▶ [Goal of the exercise]: Please write the listing below out again exactly, leaving every picture behind.

▶ [Data section]:
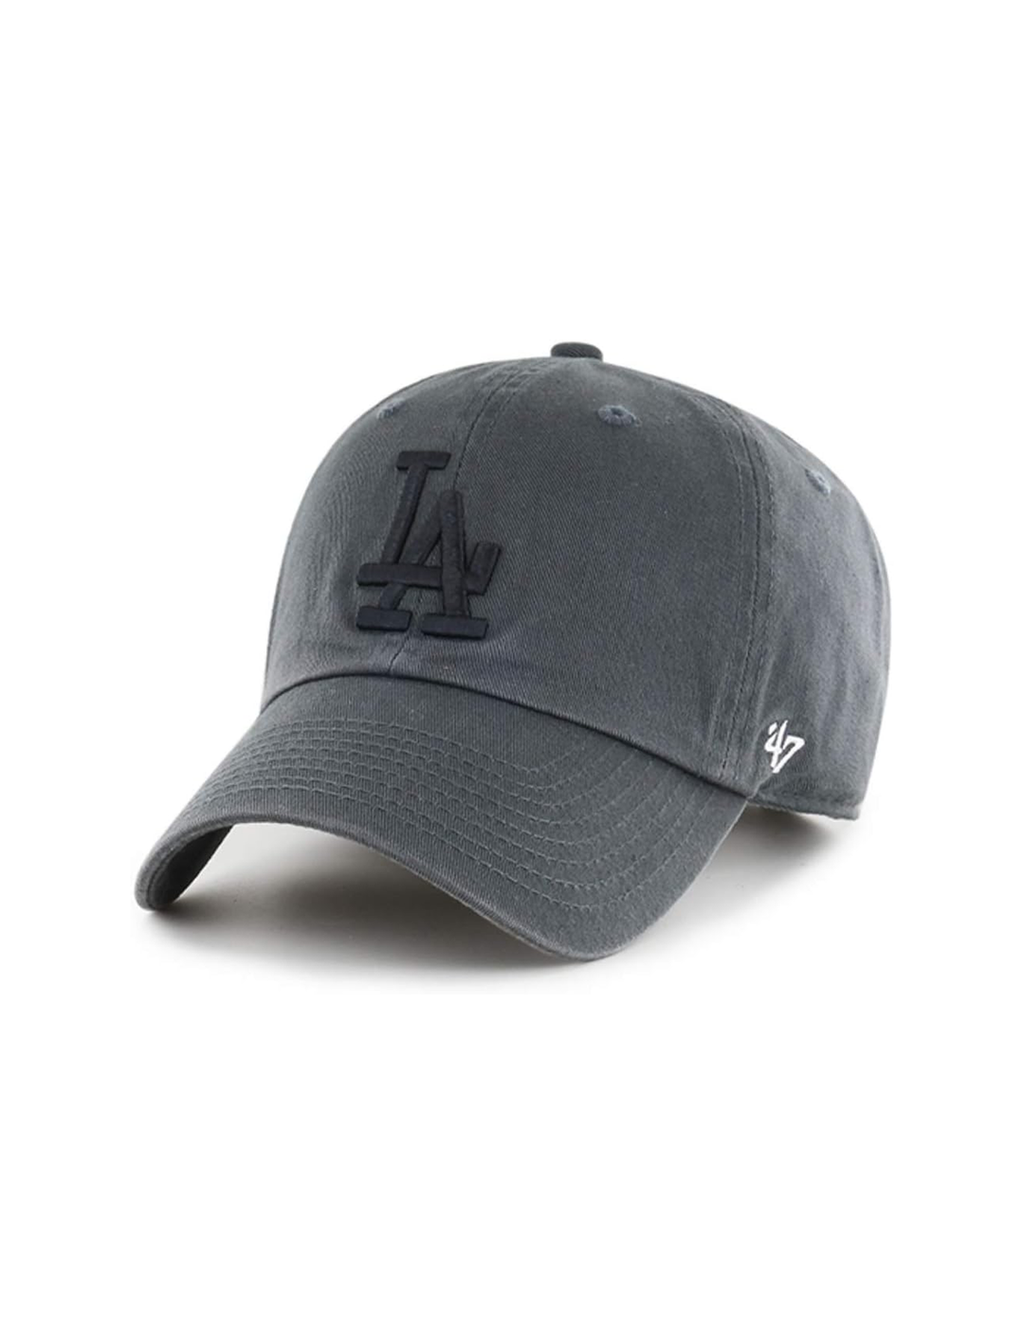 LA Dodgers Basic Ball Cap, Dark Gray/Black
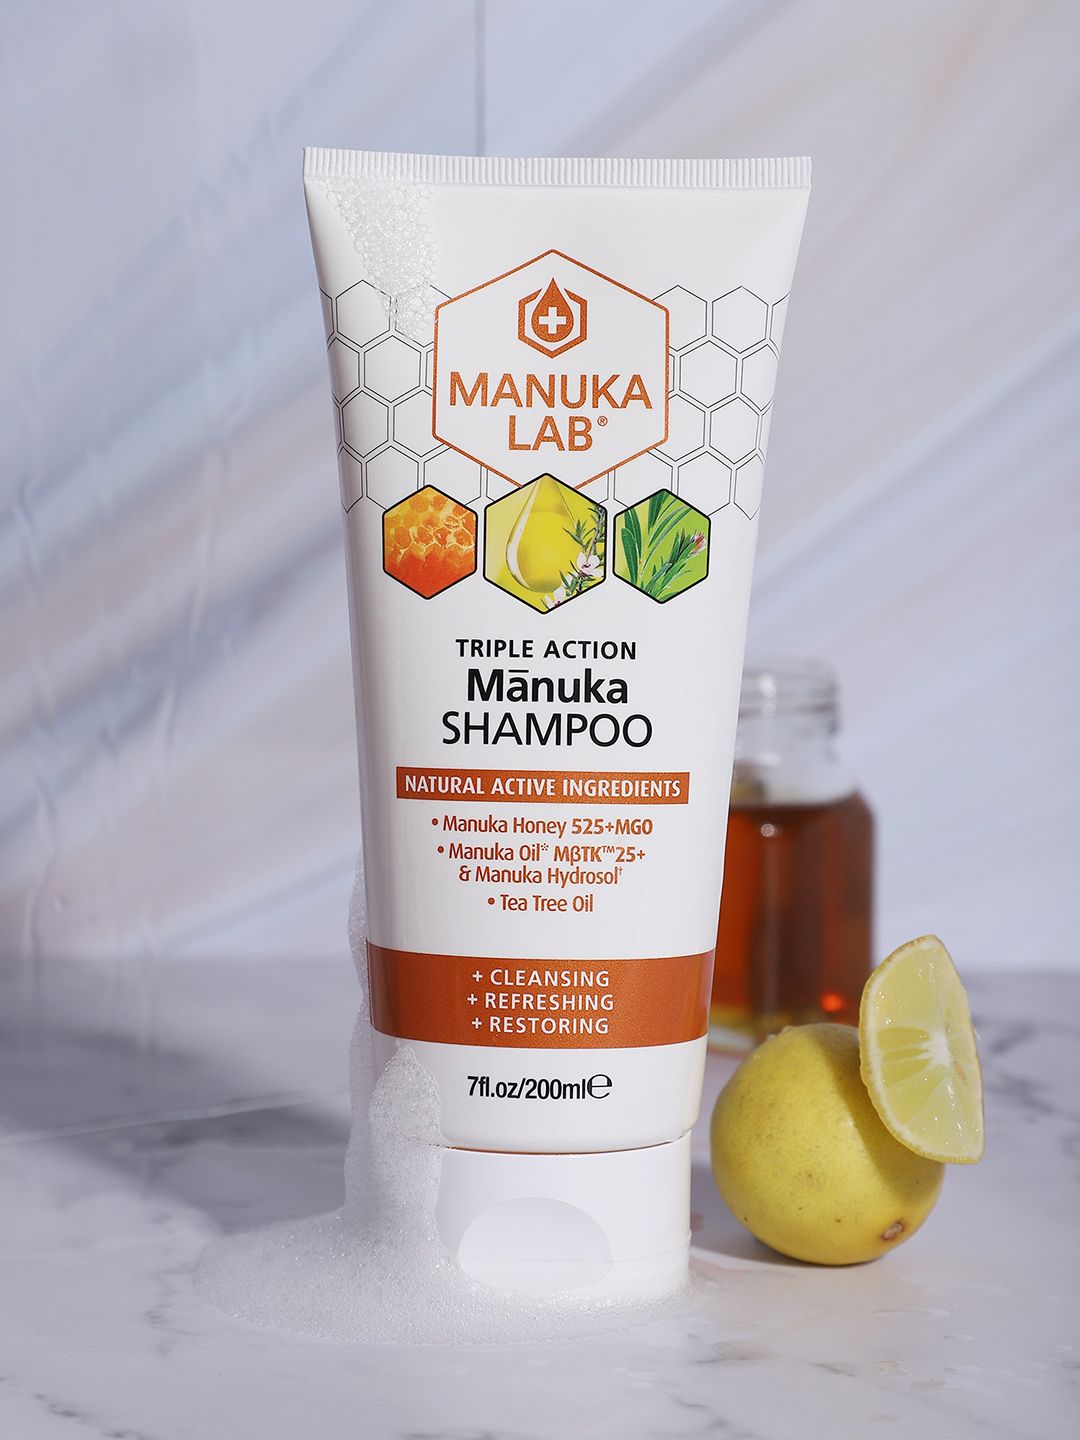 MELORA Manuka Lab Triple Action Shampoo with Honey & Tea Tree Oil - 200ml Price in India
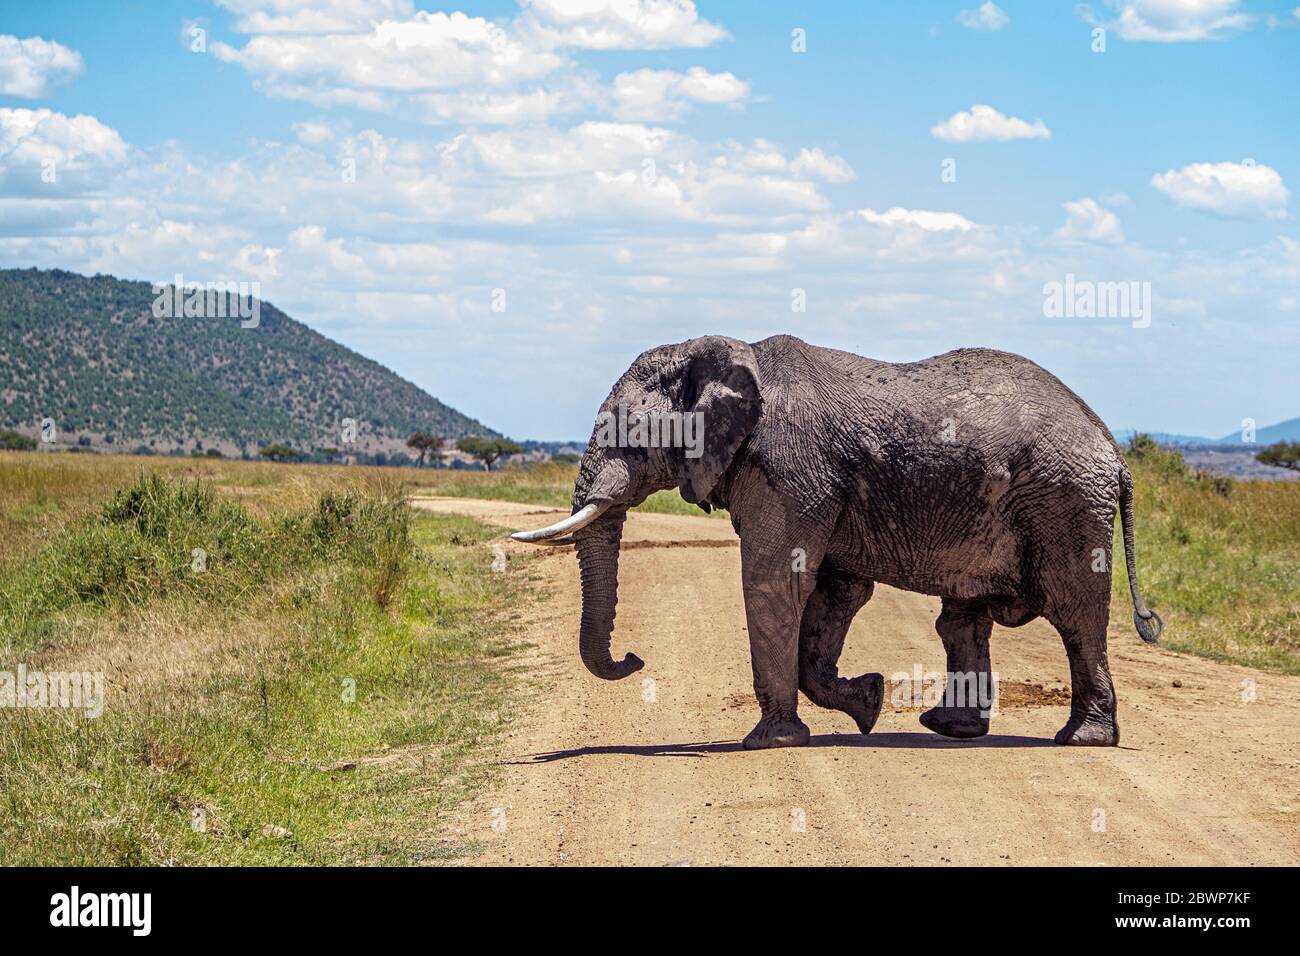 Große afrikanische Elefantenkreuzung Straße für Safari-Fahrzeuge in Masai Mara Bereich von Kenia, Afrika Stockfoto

▶ [Task output]:
 LA Dodgers Basic Ball Cap, Dark Gray/Black
 MELORA Manuka Lab Triple Action Shampoo with Honey & Tea Tree Oil - 200ml Price in India
 Große afrikanische Elefantenkreuzung Straße für Safari-Fahrzeuge in Masai Mara Bereich von Kenia, Afrika Stockfoto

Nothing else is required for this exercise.